06 September 2005

A bitter anniversary

Fifty years ago tonight the Greek Orthodox community in Istanbul, which had lived there since ancient times, was subject to an orchestrated series of attacks by Turkish mobs, who vandalized Greek-owned homes, stores, schools, churches and cemeteries. The event has been likened to the infamous and better known Kristallnacht, which saw nazi thugs loot Jewish-owned establishments in Germany in 1938. The 1955 attacks led to the mass emigration of ethnic Greeks from Istanbul, where they then numbered close to 100,000 but now number fewer than two thousand, mostly elderly persons.
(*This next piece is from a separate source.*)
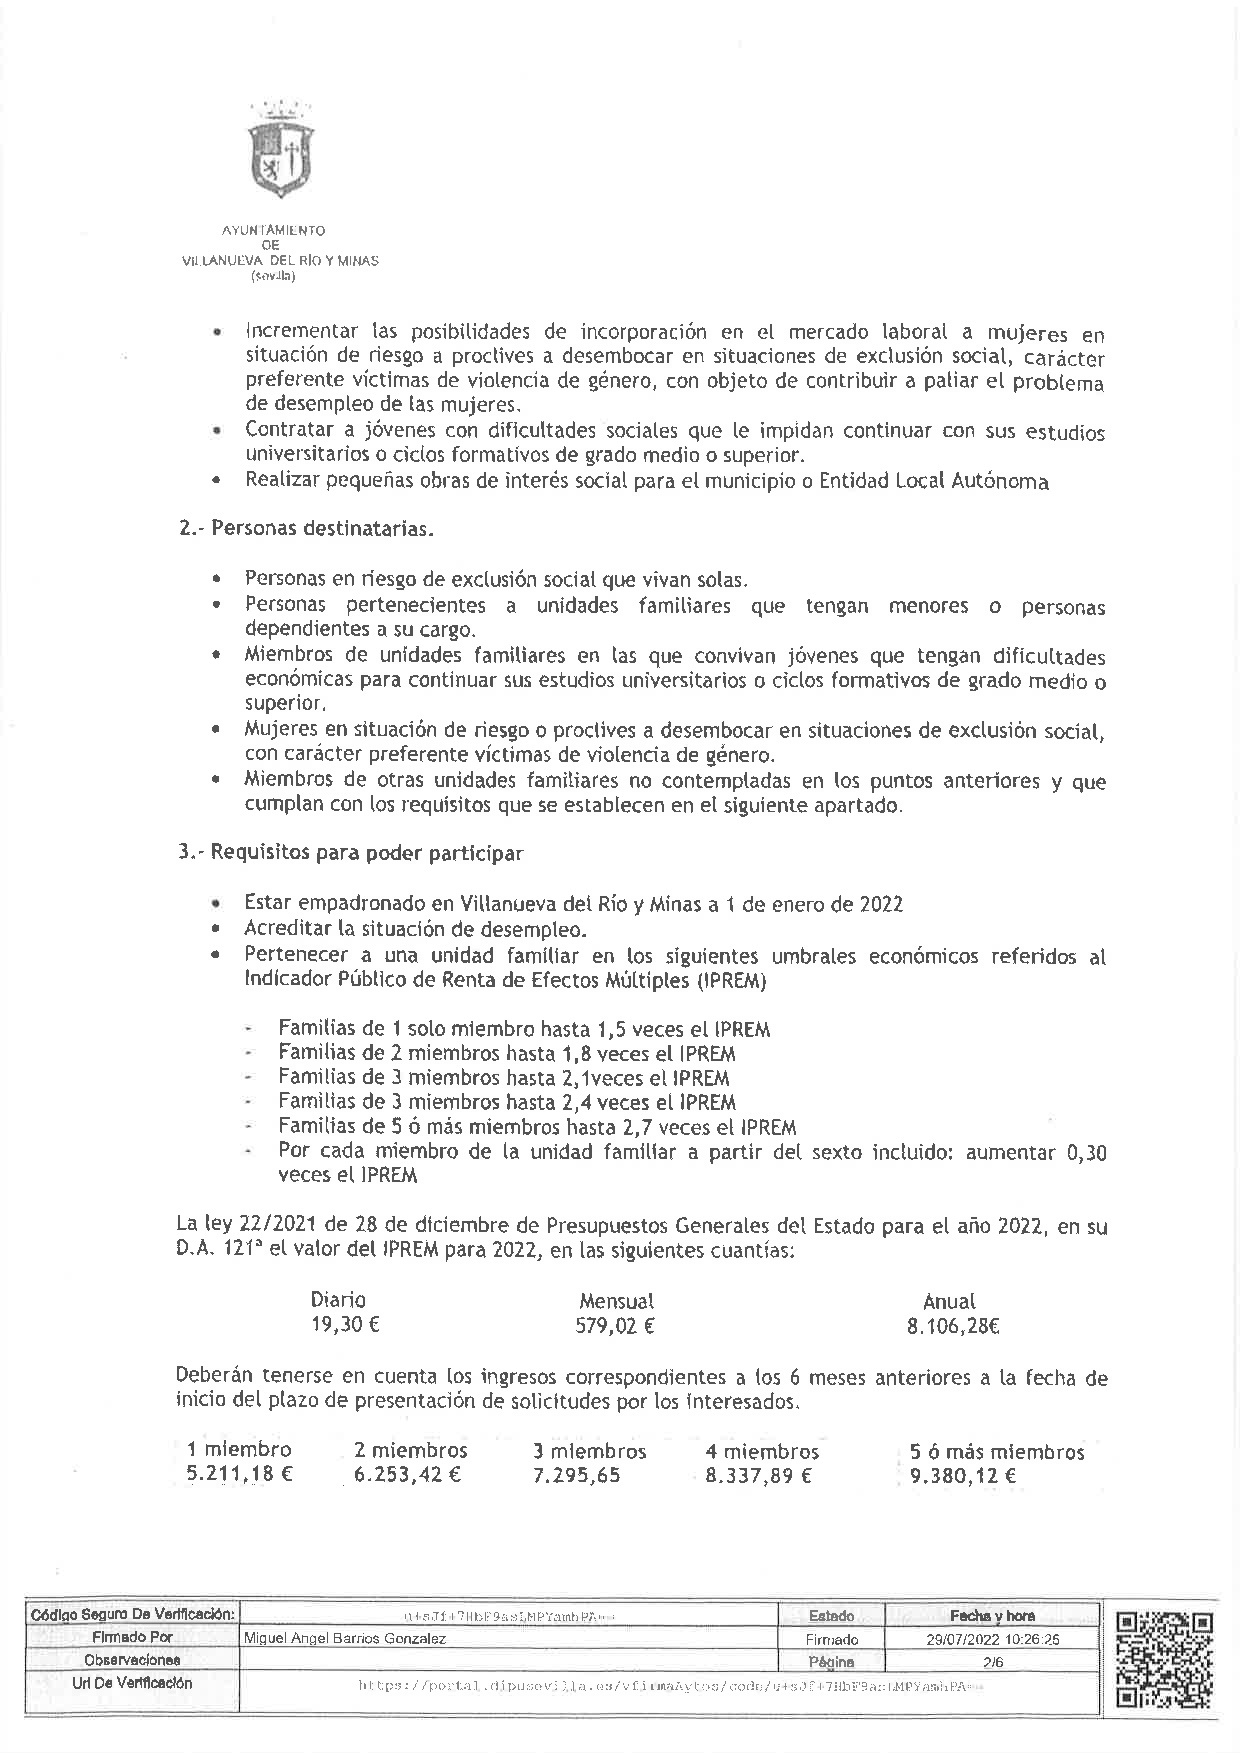 DECRETO DE ALCALDIA Nº 149. BASES PROGRAMA PREVENCION DE LA EXCLUSION SOCIAL, DEL PLAN ACTUA-002
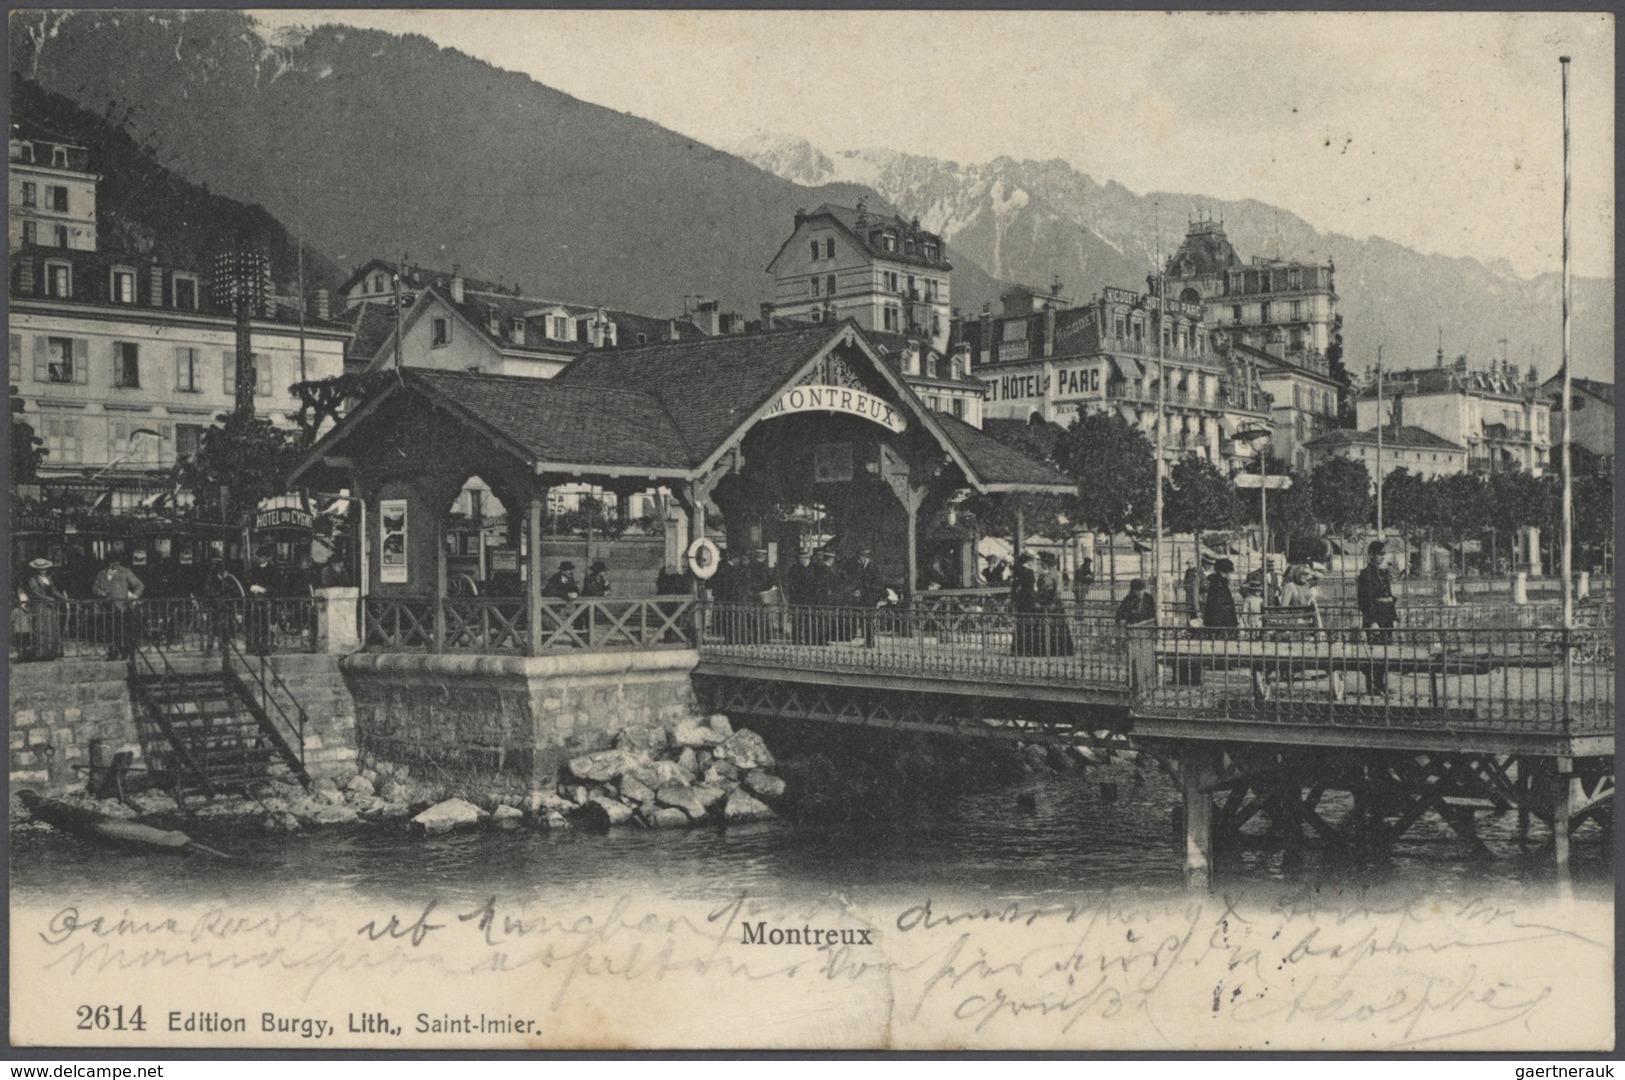 21758 Ansichtskarten: 1895-1905, tolles Album mit 400 gebrauchten AK an eine Adresse, nur topographische K

Read the story here: Turkey's Forgotten Islamist Pogrom.


ΕΛΛΑΣ

Patriarch Athenagoras
in the rubble of the
Church of Sts. Constantine and Helen,
September 1955


The events of 6-7 September 1955 spilled over from the Cyprus crisis, which had broken out five months earlier as a guerrilla war and had poisoned relations between the two ethnic communities in the island and elsewhere. What if, as a condition for membership in the European Union, Turkey were made to agree to take back and compensate its Constantinopolitan Greeks, much as Croatia is being encouraged to allow its ethnic Serbs to return to that country after ten years?